RS: Copilot is envisioned as a platform at the end of the day, kind of to the point that we were discussing a minute ago. We want something that is at people's fingertips and that is intuitive and easy to use and shows up in more places over time. But the initial problem we wanted to solve was a very simple one. It's just information management at the end of the day.
One of the biggest hurdles that we notice from talking to technicians and managers was that in a lot of these more mission critical cases, in these situations that caused downtime, people need to move very quickly and they often do, but there's not a ton of resolution tracking. There's not a ton of information at hand when you're solving an issue that you've never seen before. So Copilot at first just wants to pull information from your work history, from your OEM based manuals, and answer questions at a point-in-time workflow, where you get a work order that you've never seen before – it's highly critical, but you don't know how to complete it. Copilot gives you the ability to ask questions about essentially anything: the parts that you need, the repair steps, the validation or the testing once you've actually completed something, and keeps that information. It builds over time and starts to get a more and more comprehensive knowledge base that you can interact with just from the context of your work order creation or your work order completion both for managers and technicians, whether they're building the thing in the first place or they're trying to complete it and trying to track what exactly happened.
PS: This goes back to your point about AI being useful to identify either incorrect data points or outlier data points. This is assisting frontline teams creating a more complete work history and filling out the gaps in these in work orders.

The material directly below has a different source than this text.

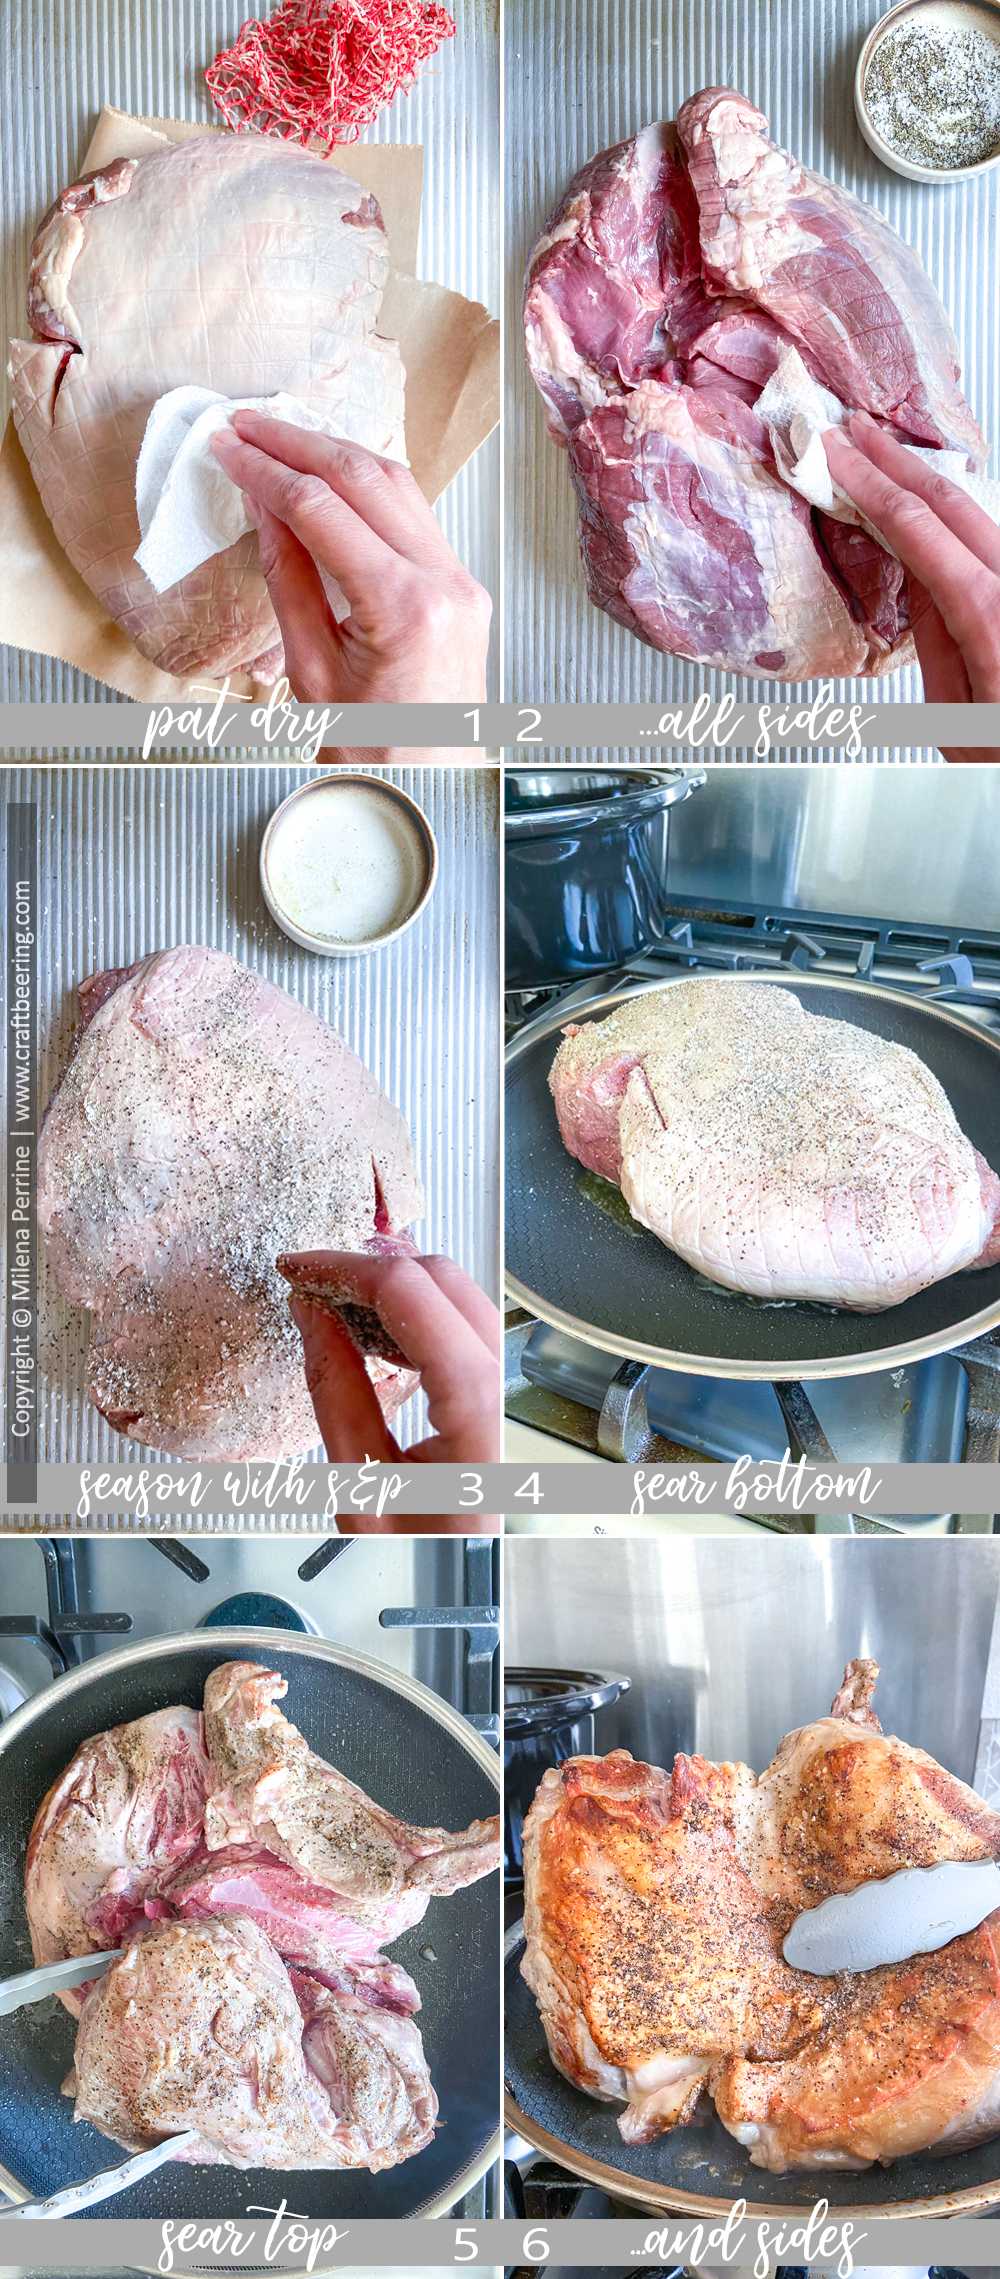 Prepare leg of lamb for braising.

RS: Exactly the case, and a lot of this was built with the end user in mind, even from our rollout patterns. We worked with a handful of pilot customers over the course of many months and had Q&A with all these different personas and tried to understand: which pieces of this are intuitive? Which actions do you want to complete beyond just finding the information in the first place? Where does this go? What form is it most useful in? Is it just words? Is it diagrams as well? And building the product step by step in that way, just trying to understand, not what the most ambitious feature that we could build is, but what the most continuously useful feature is and what it looks like.
PS: I just got back from a maintenance conference in Tennessee and the conversation there was pretty positive about AI, but there were still a couple of people who brought up the old hallucination issue that was famous about a year and a half ago. How does MaintainX prevent this hallucination issue from creeping into the workflow?